Quinn hat die Anschuldigung wiederholt bestritten, obwohl Hernan an seiner Geschichte festhielt. Quinn sagte gegenüber People: „Ich würde niemals einen Kunden kaufen. Ich habe noch nie einen Client gekauft. Ich muss den Kunden nicht bestechen, weil er organisch mit mir arbeitet.” Aber sie weigerte sich, mit ihrem Chef Jason Oppenheim über die Anschuldigungen zu sprechen. Bei der Wiedervereinigung von Selling Sunset in Staffel 5 sagte Oppenheim: „In der Oppenheim-Gruppe ist derzeit kein Platz für sie“ (via Tägliche Post). Es war unklar, ob sie gefeuert wurde oder wohin ihre Karriere zu diesem Zeitpunkt führte, aber Quinn erklärte schließlich, was aus ihrer Perspektive vor sich ging.

Sie behauptet, sie habe The Oppenheim Group selbst verlassen.

Christine Quinn hat Gerüchte bestritten, dass sie trotz des Dramas, in das sie während „Twilight Sale“ verwickelt war, von der Oppenheim Group gefeuert wurde. Sie sagte gegenüber People, dass sie ihren Vertrag mit der Gruppe beenden musste, nachdem sie beschlossen hatte, mit ihrem Ehemann Christian Dumontet ihre eigene Kryptowährungsvermittlung RealOpen zu eröffnen. Laut Quinn arbeiteten sie über ein Jahr im Geschäft, aber die Show konzentrierte sich nicht auf diesen Aspekt ihres Lebens.

Quinn behauptet, dass Jason Oppenheim von ihrem Geschäft und ihrer Entscheidung wusste, die Gruppe für mindestens ein Jahr zu verlassen. Sie sagte PEOPLE: „Ich musste eine geschäftliche Entscheidung treffen, die für mich war, also musste ich den Vertrag kündigen, um sie zu meiner Maklerfirma zu bringen.“ Sie erwähnte auch, dass die anderen Schauspieler sich ihrer Abreise bewusst waren, aber glauben, dass sie dachten, sie würde bluffen, indem sie die Mediation verließ.
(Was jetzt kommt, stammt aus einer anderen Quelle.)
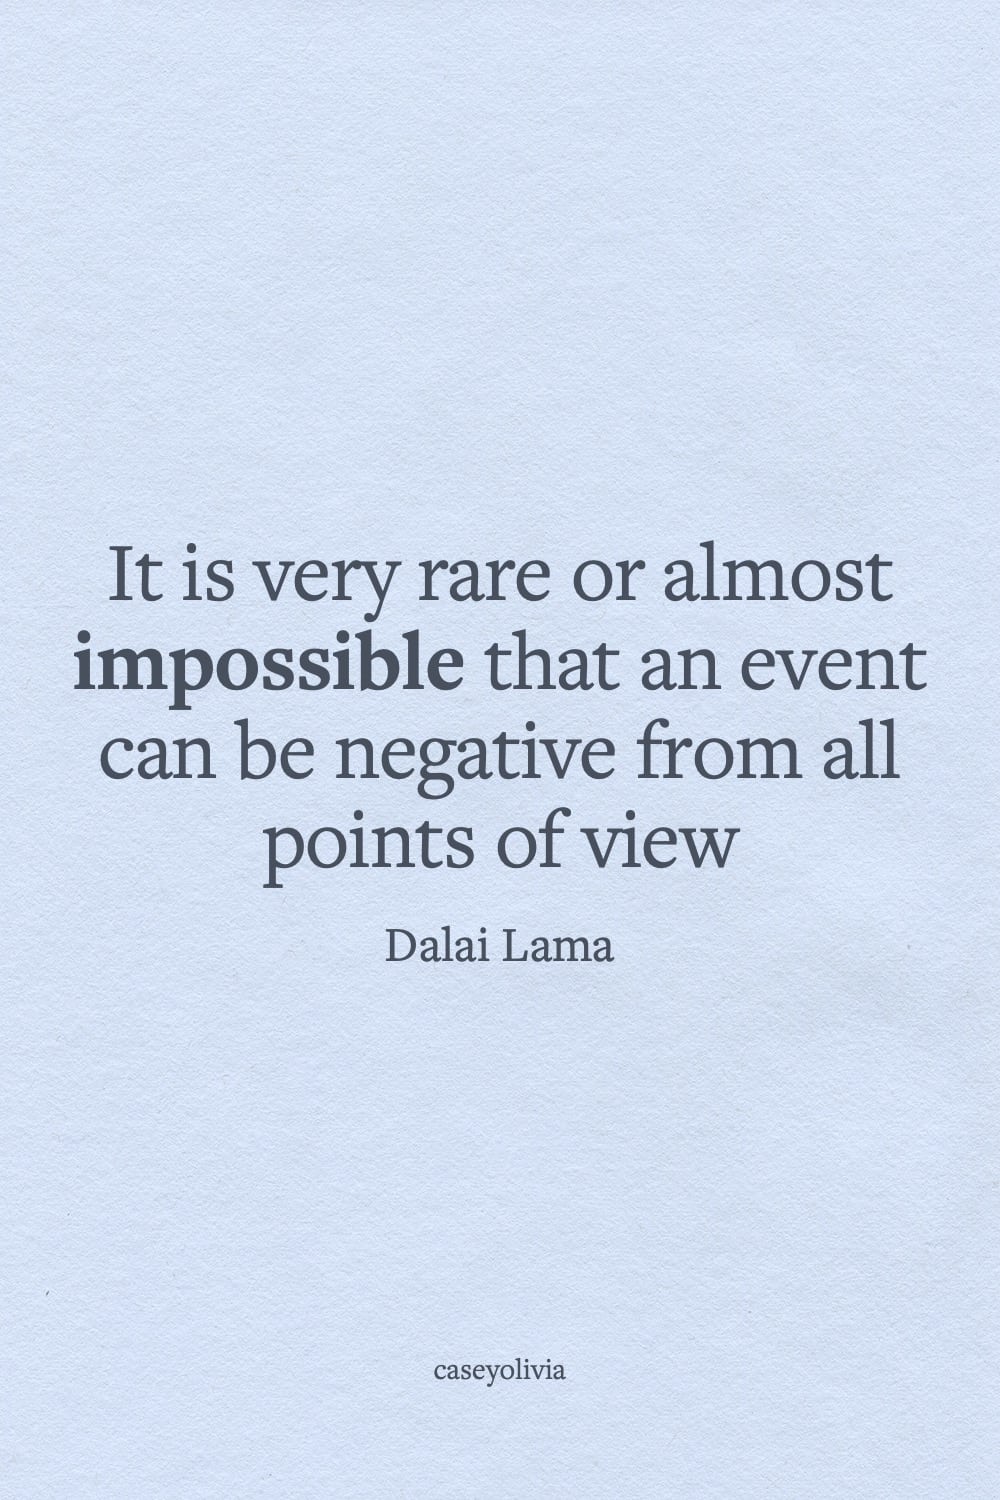 dalai lama positive thinking quote about optimism

Eine Quelle sagte gegenüber Us Weekly, dass die Entscheidung, die Oppenheim Group zu verlassen, ihre eigene sei. Der Fokus von RealOpen auf den Kauf von Immobilien mit Kryptowährung war nicht etwas, woran die berühmte Immobilienagentur interessiert war, und das trug zu ihrer Entscheidung zum Rückzug bei. Obwohl Jason Oppenheim mit der Art und Weise, wie Quinn die Gruppe verließ, nicht zufrieden war, trennte das Paar Berichten zufolge freundschaftlich die Beziehungen zu Entertainment Tonight. Es ist noch unklar, ob Quinn in Staffel 6 von „Twilight Sale“ zu sehen sein wird.